Would you eat a 100-year-old fruit cake?
Christmas cake. Love it or hate it, it’s always around at this time of year. And it often lingers …
As with Christmas puddings, which are generally made months in advance then left to allow the flavours to diffuse and deepen, many people think that fruit cakes are improved by letting them age for a few months.
But there’s a bit of a difference between a few months and … 100 years. Conservators working in Cape Adare, Antarctica, recently found a tin containing a fruitcake that is thought to date back to the Terra Nova expedition of 1910–13. The cake is Huntley & Palmer’s brand, which is known to have been taken by Scott on his expeditions. Although its tin was a little rusty, apparently the cake itself looked to be in near-perfect condition—it ‘looked and smelt (almost) edible’.
So what’s going on in this collection of fruit, eggs and flour that enables fruit cakes to last so very long?
There are a few reasons foods go bad. Or spoil, go mouldy, turn rancid, putrefy, rot, decompose, go off, whatever you want to call it! Different foods go bad in different ways—proteins turn putrid and green, carbohydrates ferment, fats go rancid and sour.
One of the leading culprits is the activity of microbes—microscopic organisms that can grow and multiply on and in food. Bacteria, yeasts and moulds can grow on the surface of food and, depending on the type of food and its structure and density, penetrate deep within the food (this is why it’s sometimes ok to just chop the mouldy bit off, say, a piece of hard cheese, but once one slice of bread shows some mould, it’s best to chuck the whole loaf).
Other factors are air (namely the oxygen) and moisture. These can provide more enticing habitats for the microbes, enhancing their growth. Oxygen can also directly cause spoilage, as it reacts with chemicals in the food to cause oxidation, or helps drive other chemical reactions involving enzymes within the food.

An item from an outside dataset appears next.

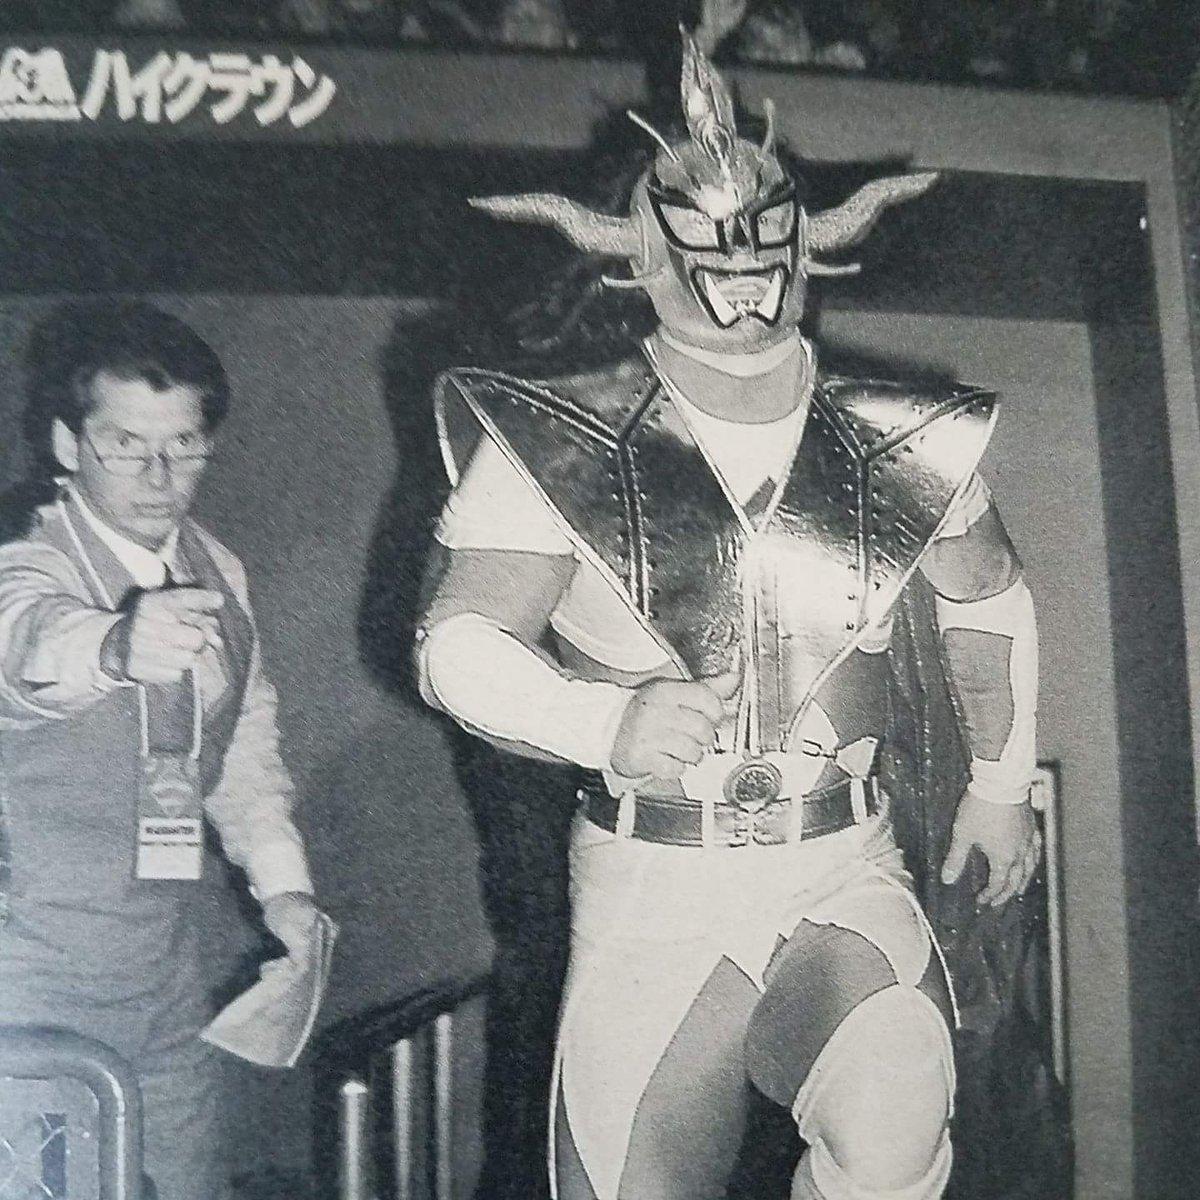 @90sWWE's photo on McMahon

Our modern methods of food storage and preservation work to combat these processes: we refrigerate and freeze food to slow down the growth of bacteria, and we add chemicals to suppress the oxidation and enzyme-driven reactions within food. And we’ve been adding chemicals to preserve our food for a long time—salt, sugar, vinegar and alcohol are all age-old preservatives.
But back to the 100-year-old fruit cake.
Fruit cakes are a model example of food preservation methods. For starters, the fruits and nuts used to make them are dried, so moisture that would otherwise support the growth of microbes has already been removed. The addition of sugar also acts to suck up moisture. The other key addition is alcohol. Bakers often wrap the baked fruitcake in a liquor-soaked (usually brandy or rum) cloth, which helps prevent mould and yeast from growing on the surface. Which is best out of brandy or rum? That’s up to you and your tastebuds!
And of course, with Scott’s now-100-year-old cake, the other big factor is that Antarctica is very cold. This cake has essentially been sitting in the freezer for a century.
However, there was just one suggestion that the cake hadn’t entirely withstood the test of time—reports that the cake carried an ever so slightly rancid smell, suggesting that the fats in the cake might have gone bad.
The other question is what the cake will actually taste like after 100 years—while a few months, or even a couple of years is considered to enhance the flavours in a fruit cake, 100 might just be a decade or three too many. But there’s only one way to find out.